In this study, we found that the computed C based on the direct method (C1 and C2) showed quite different results, particularly in those with extreme network sizes. The computed C based on the likelihood method was more robust and showed that young and middle aged males in Kerman know around 303 males between 18 and 45 years of age. This size did not have any association with their main demographic variables.

In the direct method, we asked our participants to use their passive memories to count everybody in their network. Therefore, we should expect missing or under reporting of some parts of their networks. In addition, extreme results in C2 also imply that the validity of direct methods in at least some of our subjects was not acceptable.

C3s were computed based on different names separately. Again, the range of C3s was very wide from 7.6 to 380.4. In addition, their goodness-of-fits in predicting the frequencies of other names was not acceptable. Therefore, again it seems that validity of C3s is not convincing.

In contrast to C3, our strategy in the estimation of C4 was based on active searching of the participants’ memories. We asked the participants if they knew at least one person in their network with each name.
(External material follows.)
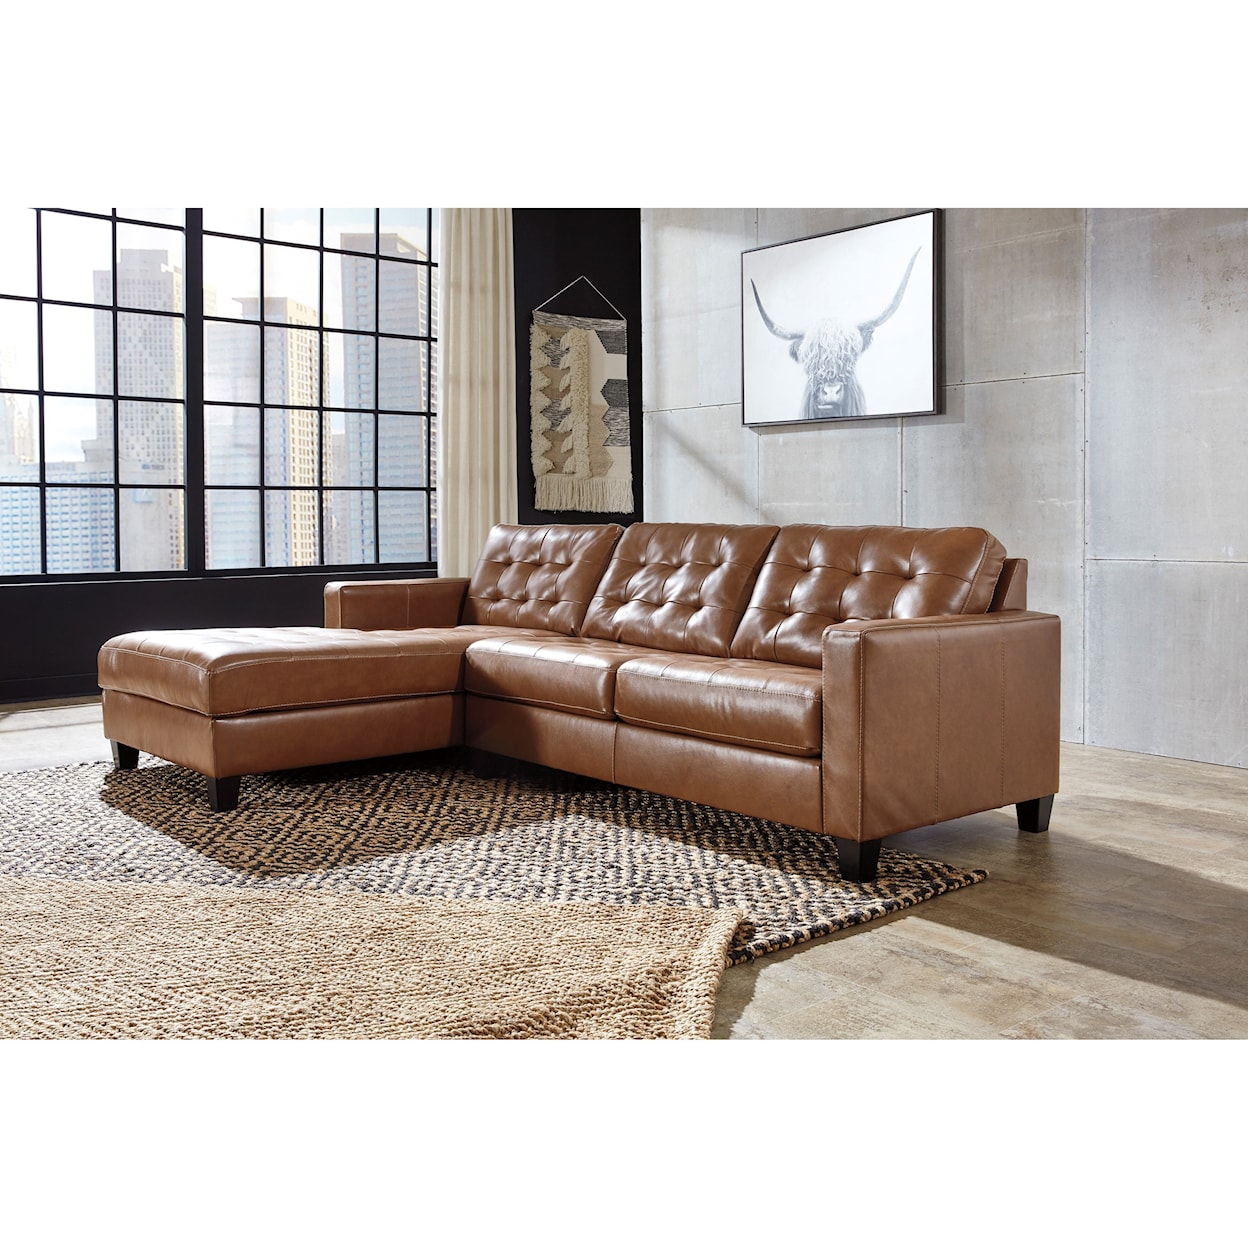 Signature Design by Ashley Baskove Sectional

Usually active memory searching gives more accurate responses. In addition, it seems that for participants it was much more difficult to count the number of persons with specific names in their networks (required data to estimate C3) in comparison to the reply to naming at least one person with the specific name (required data to estimate C4).14,16

To computer C4, using the maximum likelihood method, responses of subjects to all six questions about names were combined and a model was computed to fit the data with the maximum goodness-of-fit. Based on these results, on average each Kermanian young male knows around 303 males in this age group.

We applied four strategies which yield to different C values. However, this was not against our expectation. McCarty et al. announced that it is certainly clear for different measures and methods to produce different numbers or estimates.16 In USA applying six different methods, the estimated numbers varied from 97 to 399.14 However, based on the above explanation, we believe that C4 is more accurate compared with other Cs. Based on this logic, in similar studies, indirect methods using similar methodologies were used frequently.13-16

It should be noted that we asked our participants how many males aged 18 to 45 they knew. Therefore, for the definite active network size of males in Kerman it is greater than 303. This is because all females and males less than 18 or greater than 45 years of age were not counted. Since the social connection of males with females is less than that among males based on the Iranian and Islamic culture18 and since people’s connections are usually with people in the same age group, we do believe then the real active social network is greater than 303, but less than twofold this number.

In the univariate analysis, the network size of Kermanian young males was influenced by age and education. However, in the multivariable modeling, none of the demographic information affected the C value. More or less constant C in different subgroups is very informative. This means that we may use a valid C for the whole male population. However, this study was carried out in only a middle size city of Iran and we have to report this methodology in females and also in other parts of Iran to make sure if one C for the whole county is enough.14,16

This study was one of the first studies using the network scale up method in Iran, and it was carried out in only one middle size city. Therefore, these findings may not represent the network of the whole country. More wide studies with similar methods and using even more names to predict C4 are recommended.14,16

Conclusion

Generally, we believe that the indirect method is a more valid technique in the prediction of C4. Based on this finding, we believe on average each Kermanian young male knew around 303 males in this age group. This number is very important statistics that we can use in the network scale up method to predict the size of hidden and hard-to-reach populations such as addicts and other high risk groups (such as IDUs, FSWs and MSM).